Normalnie jest tak, że w miarę jak człowiek się starzeje unika sytuacji, których nie może załatwić w taki sposób, by jego emocje zostały zabezpieczone. Postawa taka bowiem gwarantuje komfort psychiczny i spokój, a także powoduje, że wokół takiego osobnika gromadzą się inni, przekonani, że gdzie jak gdzie, ale tu akurat nic złego ich nie spotka.

Oczywiście pojawiają się co jakiś czas jacyś prowokatorzy, czy też socjopaci, czy po prostu ludzie, którzy chcą zwrócić na siebie uwagę, ale to nie zmienia niczego w relacji podstawowej – musi być bezpiecznie pod względem emocjonalnym. I ja podjąłem się budowy i obsługi takiej przestrzeni, co przychodzi mi z niemałym trudem. Zrobiłem to po części mimowolnie, bo od dzieciństwa mam nawyk ratowania sytuacji, a przez niełatwe okoliczności życia stałem się też bardzo koncyliacyjny i unikam zderzeń. Stąd właśnie bierze się to, że bardzo dużo opowiadam i staram się załatwiać różne sprawy polubownie. Od razu, na samym początku mojej działalności blogerskiej, przyjąłem zasadę, że moje emocje są tu w ogóle nieistotne, liczą się tylko emocje czytelników. Nie jest łatwo, powiem Wam utrzymać ten stan i czasem mnie ponosi, ale zawsze daję wcześniej mnóstwo sygnałów ostrzegawczych. Nie oczekuję też, że ktoś mi będzie za to dziękował, bo wiem, że ludzie uwielbiają rozjeżdżać koty na jezdni, a czasem jeszcze cofać auto, żeby mieć pewność, że kot nie przeżył i jest należycie rozpłaszczony. Zdarza się też czasem, że o rozjechanie kota oskarżają bliźnich i nawet potrafią pokazywać jakieś zdjęcia niby z radaru gdzie widać tego kota i samochód z zatartymi numerami rejestracyjnymi.

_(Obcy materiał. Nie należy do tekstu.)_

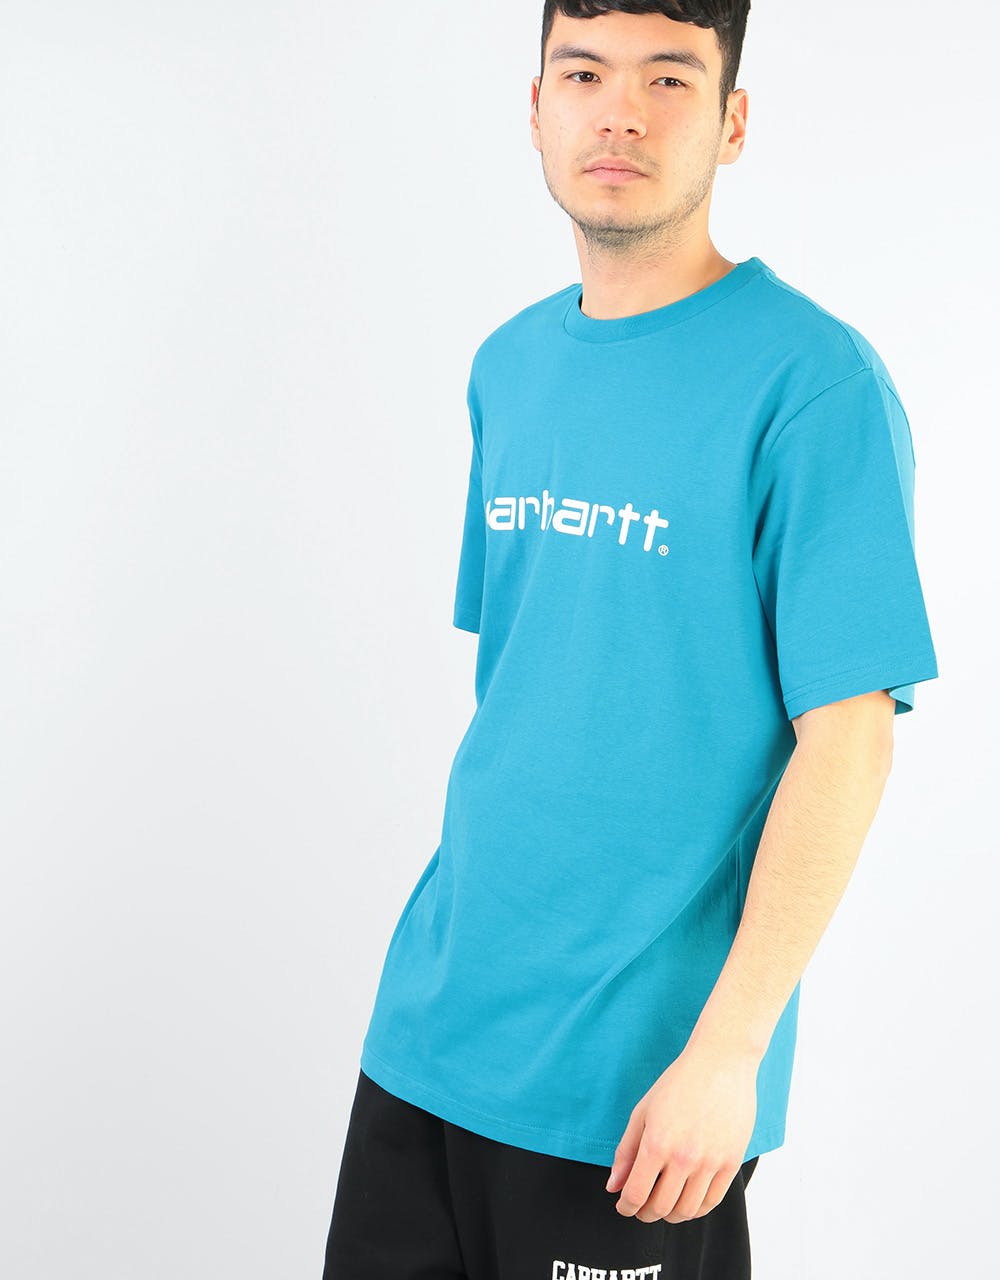 Carhartt WIP S/S Script T-Shirt - Pizol/White

Proszę Państwa, naszym celem tutaj nie jest promowanie treści przypominających przejechane koty, czyli takich, których nie potrafimy we własnym zakresie ogarnąć, ani załatwić w sposób elegancki. Naszym celem jest zbudowanie rynku wymiany treści ciekawych, do tej pory celowo ukrywanych albo po prostu niezauważanych, a także połączenie tego naszego rynku z już istniejącym i zajęcie tam jakiejś ważnej jeśli nie dominującej pozycji. To jest na pierwszy rzut oka niewykonalne. Tym bardziej niewykonalne, że u nas bez przerwy ktoś próbuje rozjechać jakiegoś kota, a tam kreuje się pisarzy, którzy wizerunkowo i emocjonalnie stanowią produkt bliski propagandowej doskonałości. O taki ja na przykład ten - http://wroclaw.wyborcza.pl/wroclaw/7,35771,24040142,znamy-zwyciezce-nagrody-literackiej-europy-srodkowej-angelus.html#s=BoxOpImg4

 

To jest tegoroczny laureat nagrody literackiej Angelus pan Maciej Płaza. Nawet nie próbuję oceniać jego twórczości, bo wiem, że to nie ma sensu wobec tego co widać, czyli stylizacji. I teraz popatrzcie – to jest obszar, gdzie mowy nie ma o rozjeżdżaniu kotów, a każdy kto tam wchodzi ma całkowitą pewność, że jego emocje i w ogóle wrażliwość nie zostaną oblane kwasem. Ma pewność, że nie spotka go żaden absmack i wszystko będzie takie jak oczekuje. To znaczy jakie – spyta ktoś. Odpowiadam – nijakie. Nijakie czyli obliczone na utrzymanie w pionie struktury propagującej wartości i treści wcale nam nie bliskie, nijakie czyli smakujące politurą do mebli.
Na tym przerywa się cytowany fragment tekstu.